Wahhhww, apa kejadian ini? Dana Syariah Indonesia jadi gila bayar? 1,4 triliun rugi, makasih banget pada investor yang keberatan hal ini... siapa nanti yang salah, kalau ada salahnya sih harus dibebankan pada manajemen PT DSI aja, nggak usah semuanya sama-sama bahu membahu. Dan apa sih dengan aset senilai Rp450 miliar? Makasih banget pada OJK sudah fasilasi para lender, tapi nanti siapa yang harus ditanggung rugi ini?
 
Gak bisa percaya deh, kasus ini serasa like game cheat ya? Dana syariah yang dipinjamkan oleh lender ternyata jadi mainan kotor si PT DSI. Aset yang dijanjikan senilai Rp450 miliar? Gampangnya cuma Rp45-50 miliar aja! Para lender yang tergabung dalam paguyuban ini, gak sabar-sabar ya? Mereka sudah mengalami kerugian sebesar Rp1,4 triliun dan masih dijanjikan pengembalian 0,2 persen? Gagal banget!
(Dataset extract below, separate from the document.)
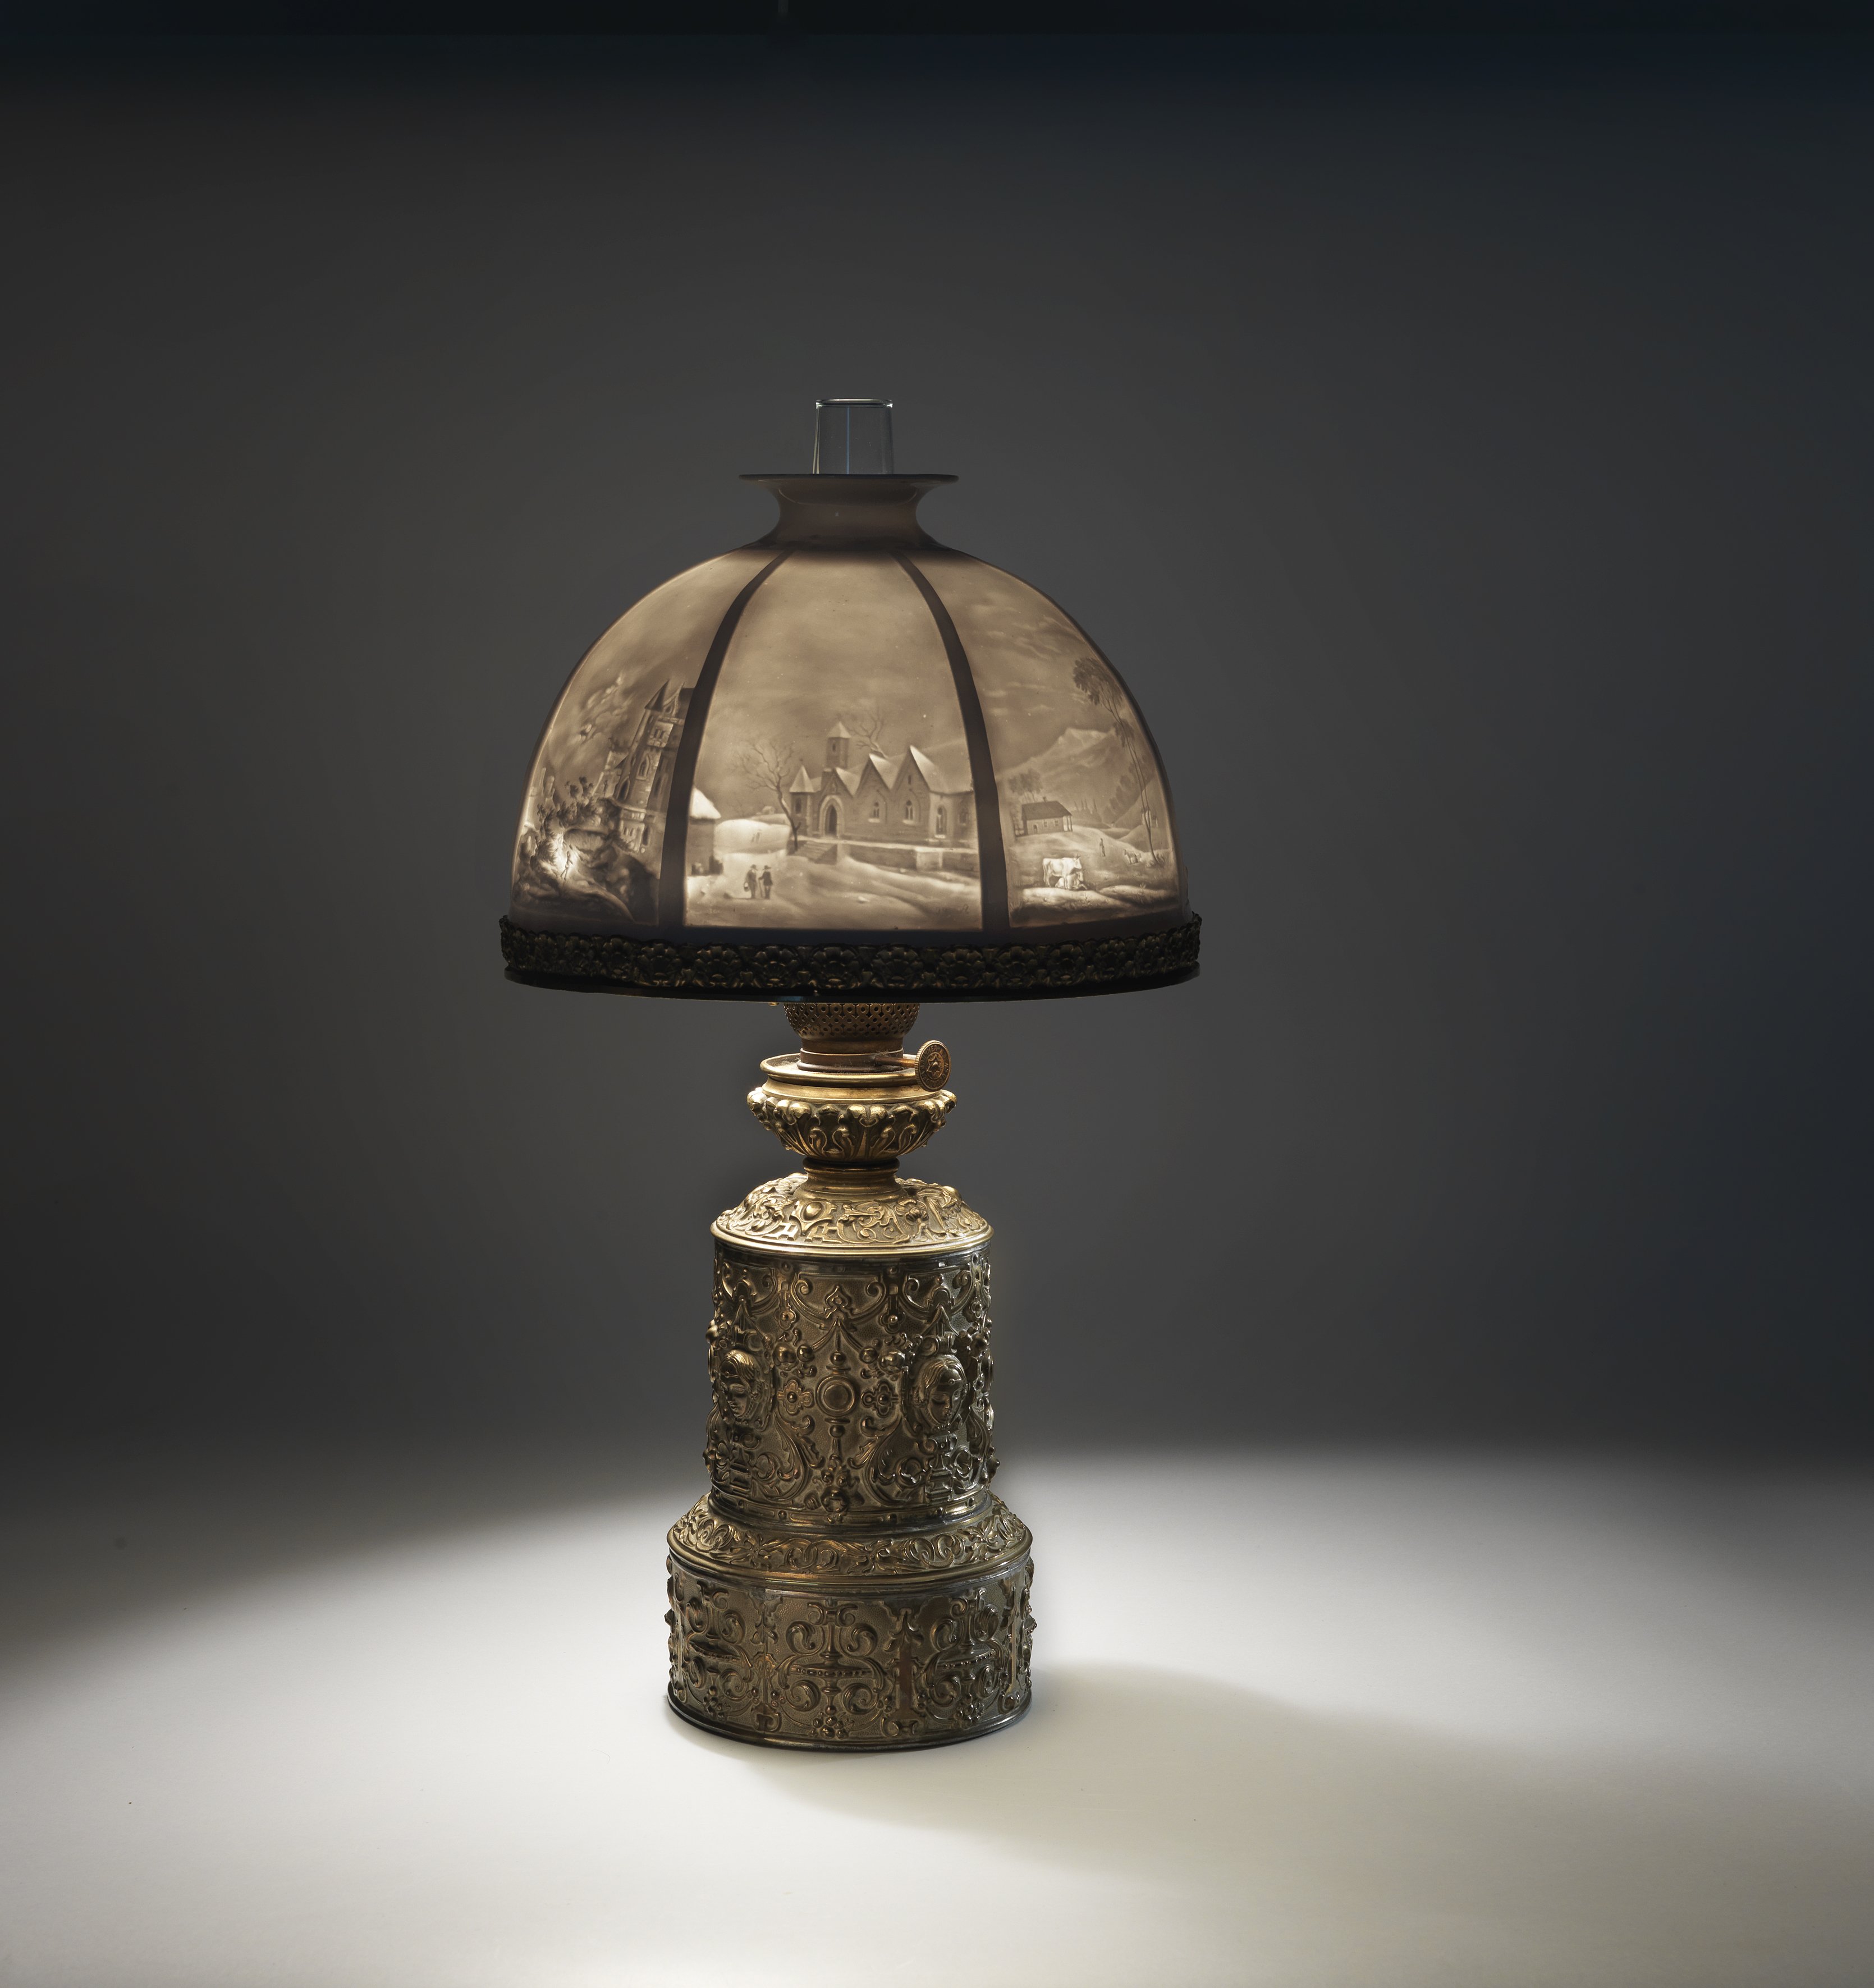 Tisch-Petroleumlampe ("Moderateur-Lampe") mit Lithophanie-Schirm (Sammlung "S", Wuppertal CC BY-NC-SA)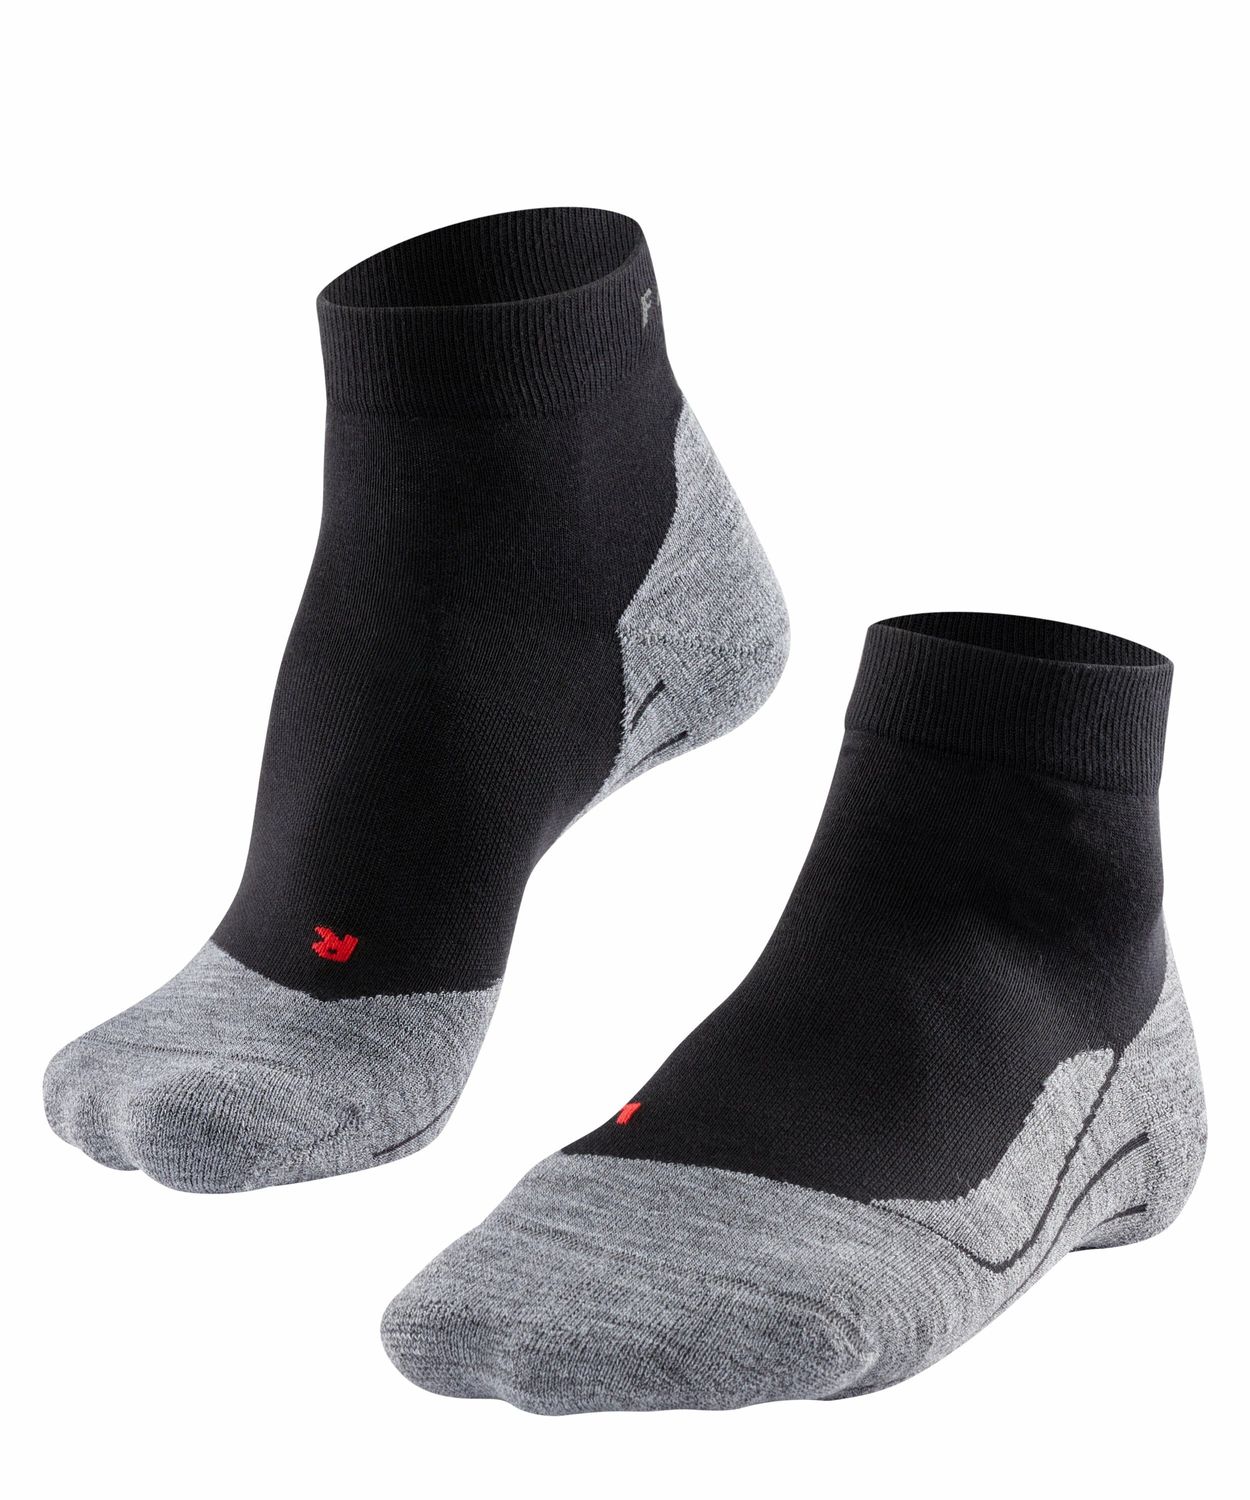 Falke Damen Quarter Sport Socken RU4 Running Hersteller: Falke Bestellnummer:4043876990217

Aku pikir apa yang bisa dilakukan lagi para lender? Aku rasa harus ada tindakan yang lebih serius dari pihak OJK. Mereka harus ambil tindakan yang benar-benar tegas dan tidak boleh lagi kalah-kalah dengan si PT DSI. Kalau tidak, aku rasa banyak lagi lender akan tertipu dan mengalami kerugian besar lagi!